**INFORMATION SHOWN:**

=== Section Start ===

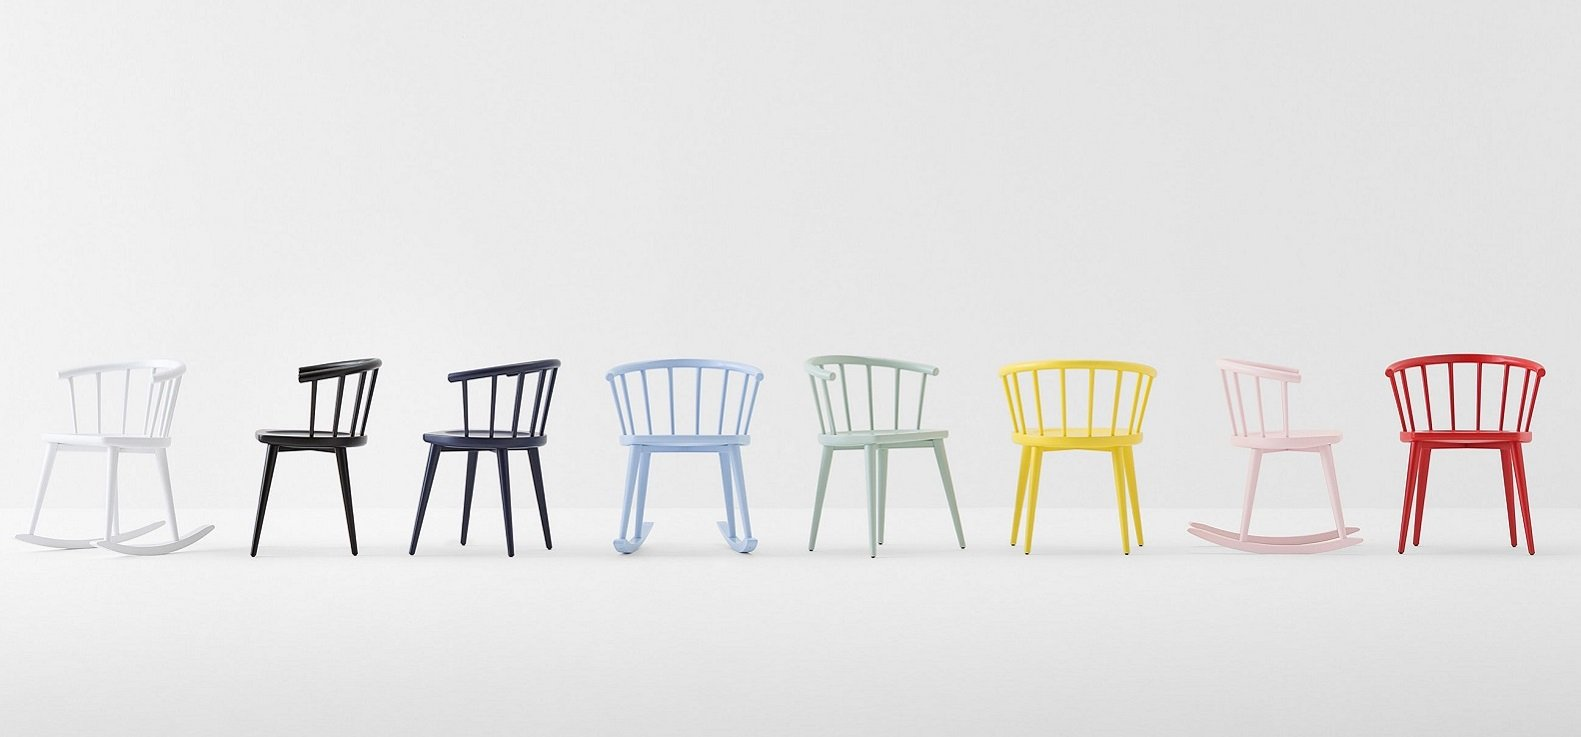 W Chair from Billiani
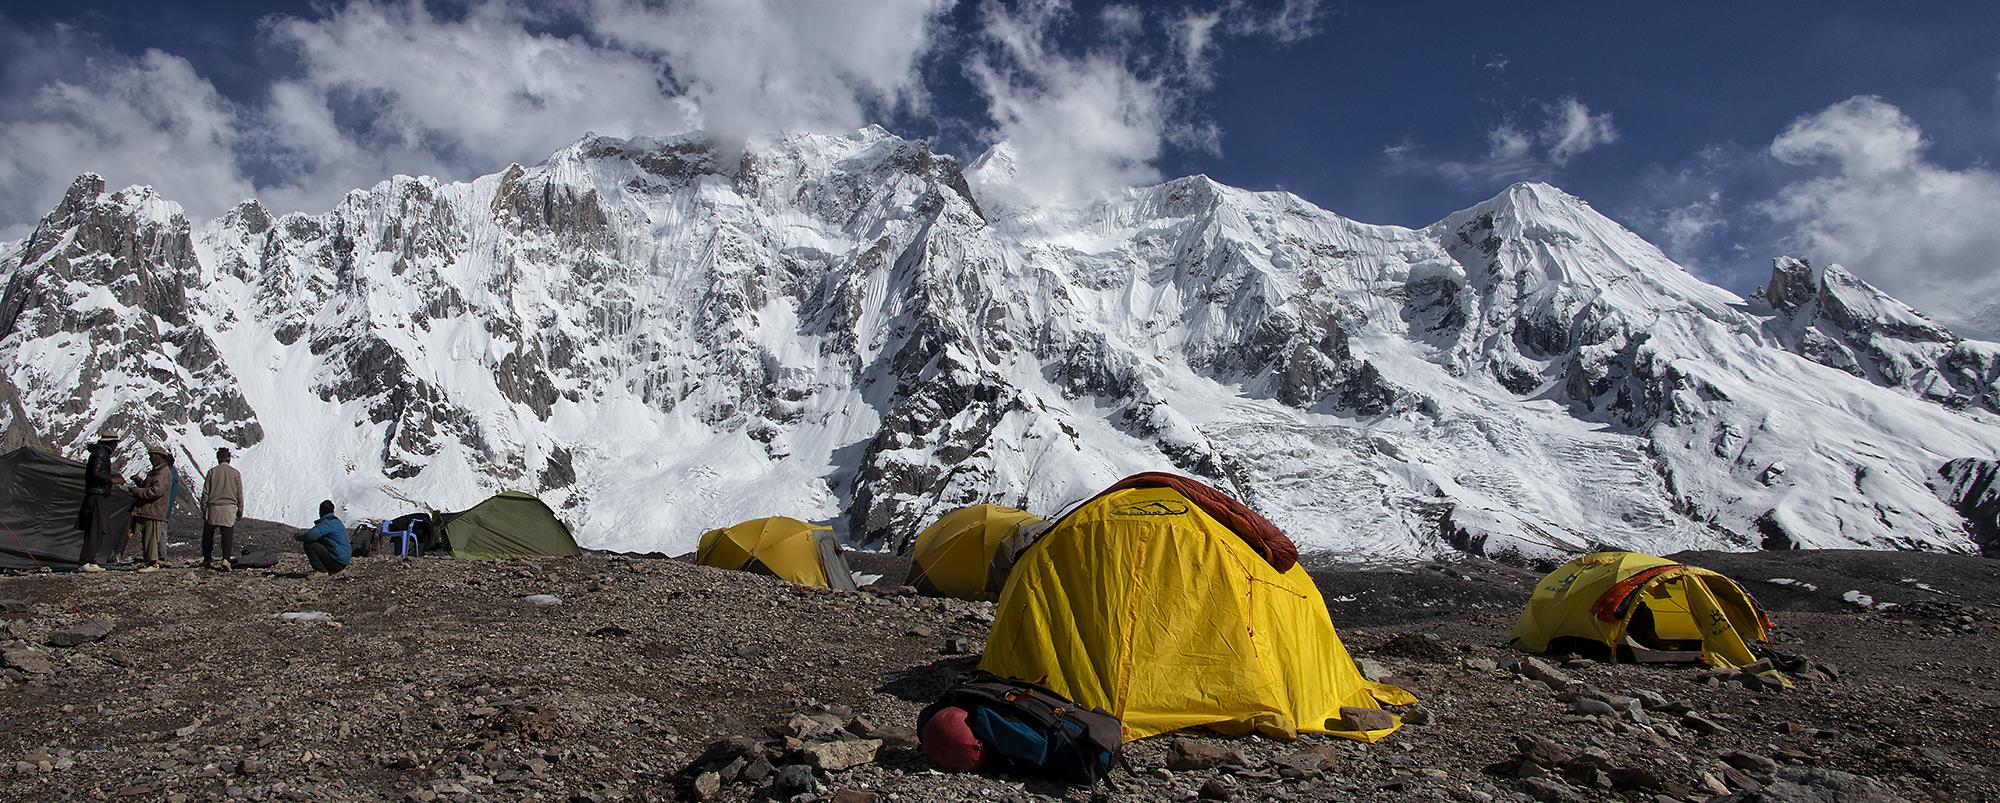 k2 trekking news
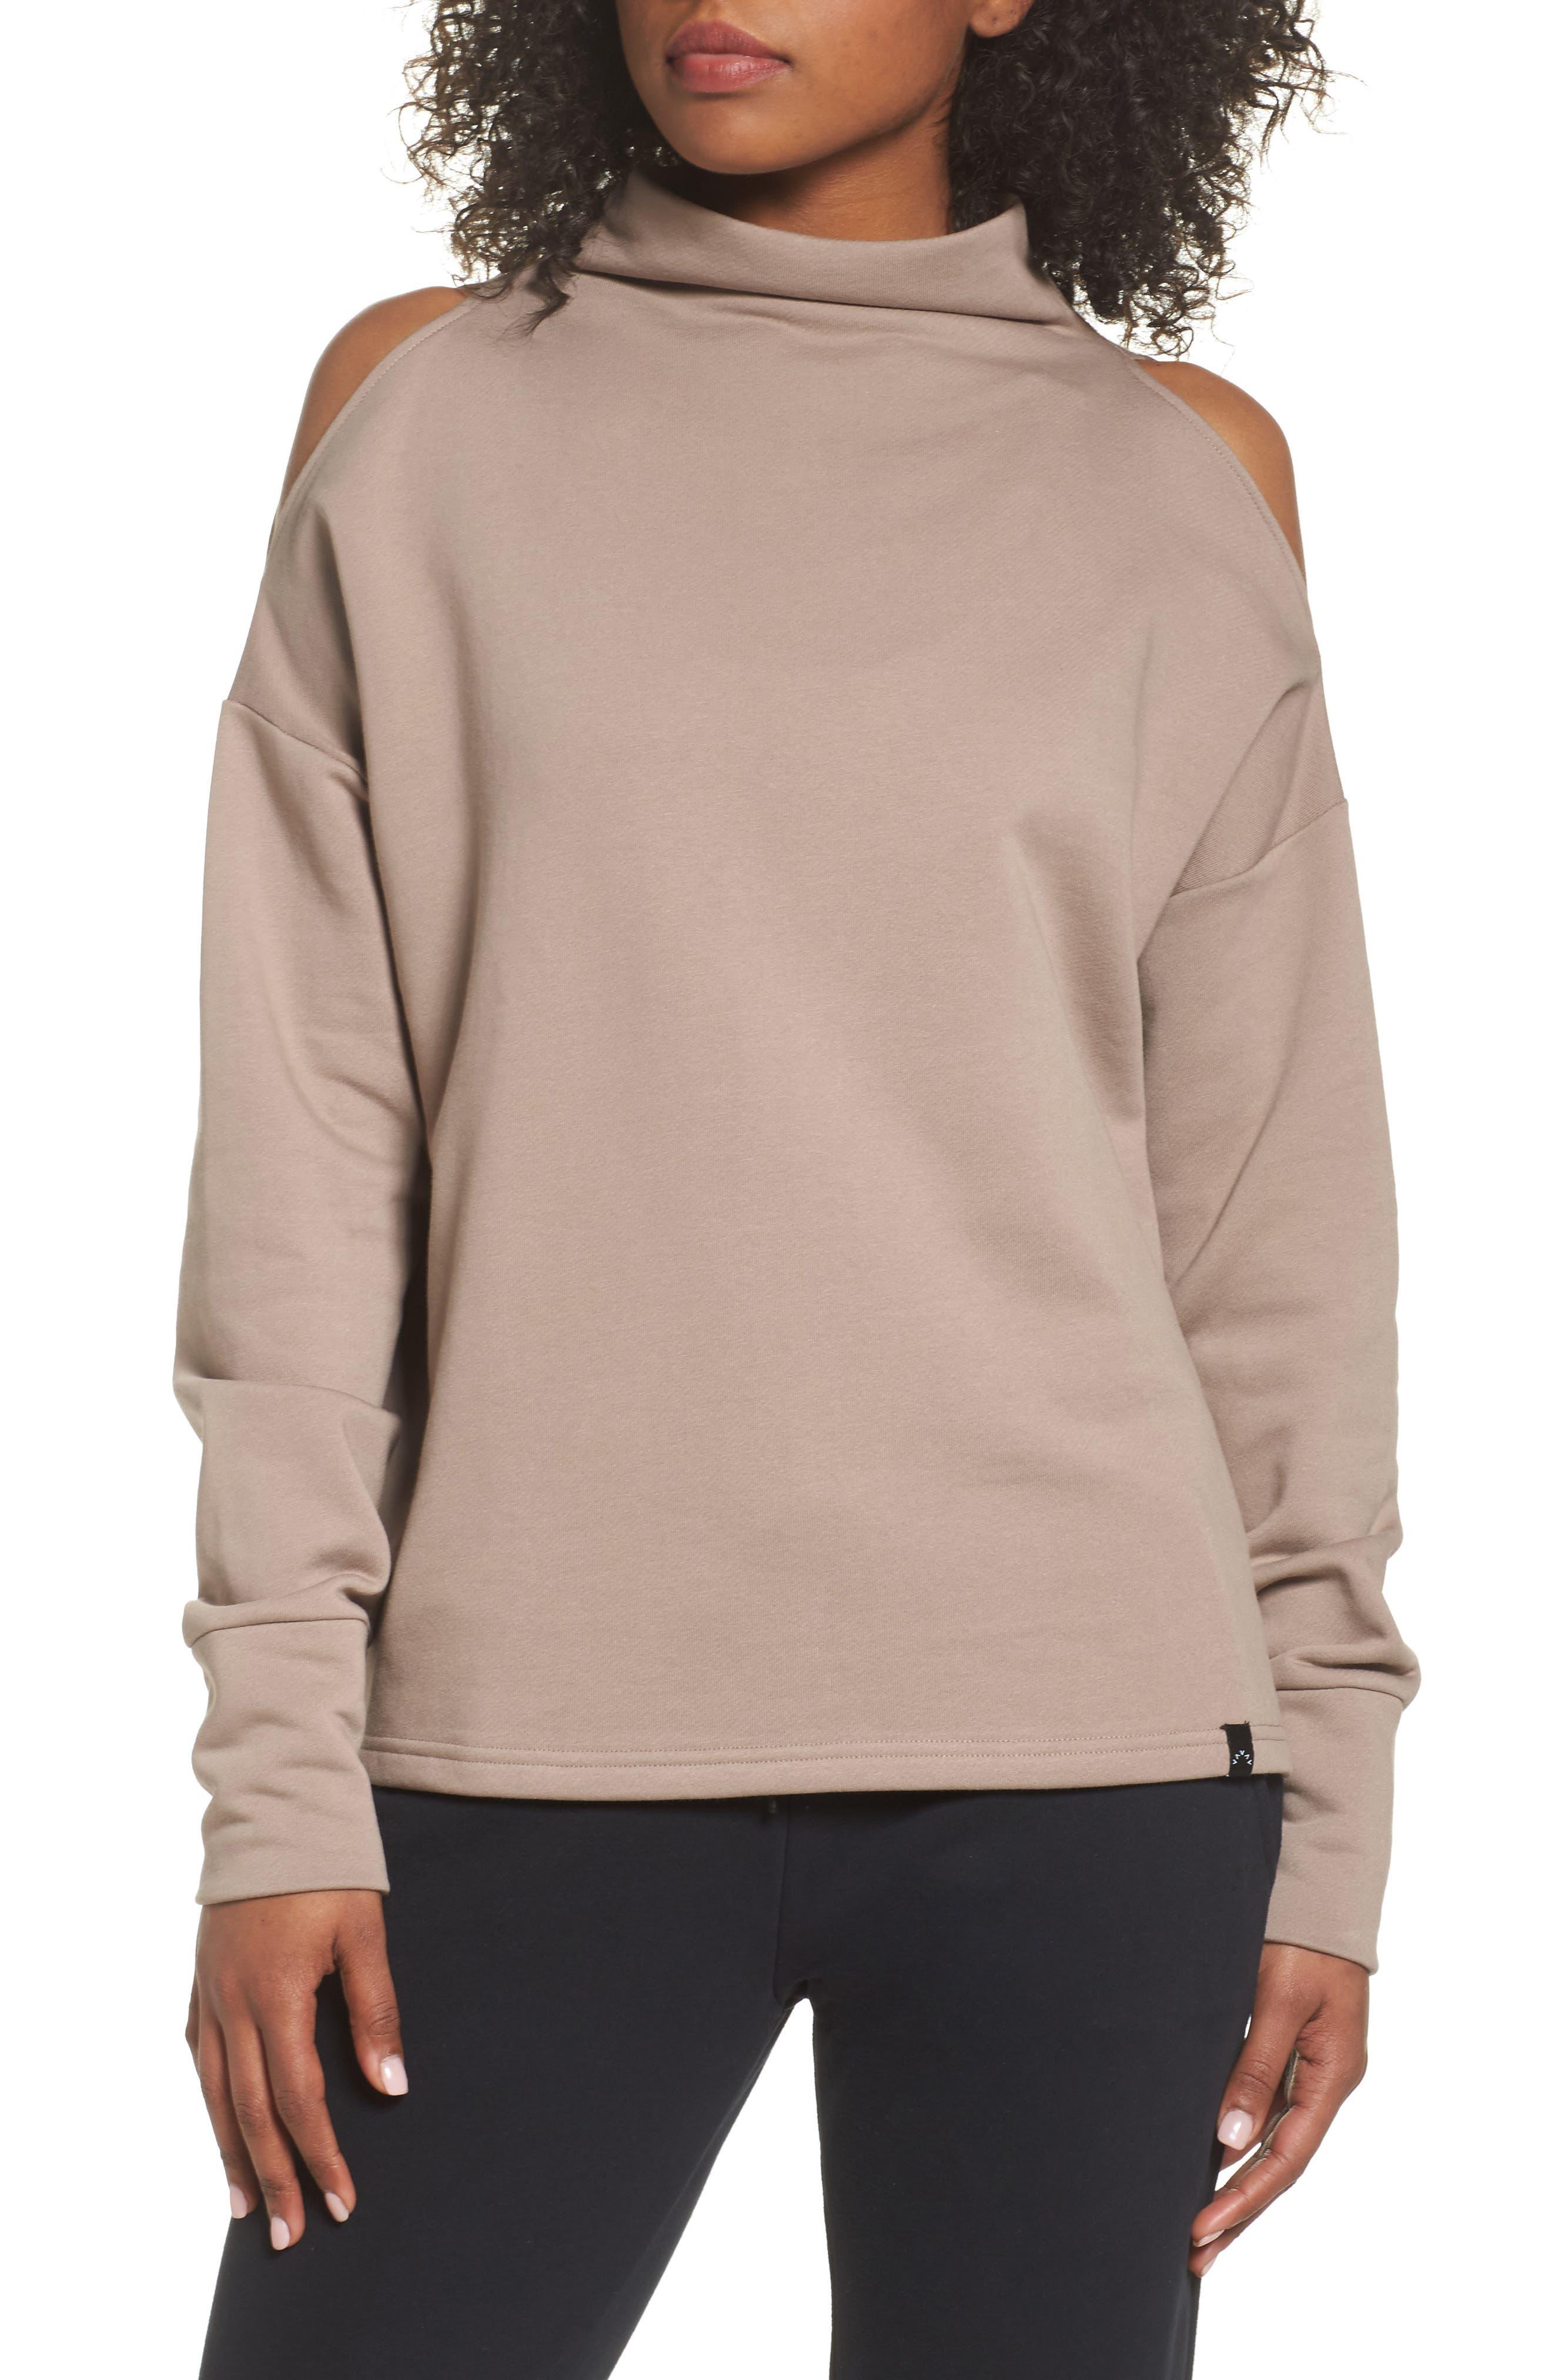 Varley Keystone Cold Shoulder Sweatshirt

=== Section End ===

All of the material must be given again exactly, though no picture may appear in the copy.

 W Chair from Billiani
 k2 trekking news
 Varley Keystone Cold Shoulder Sweatshirt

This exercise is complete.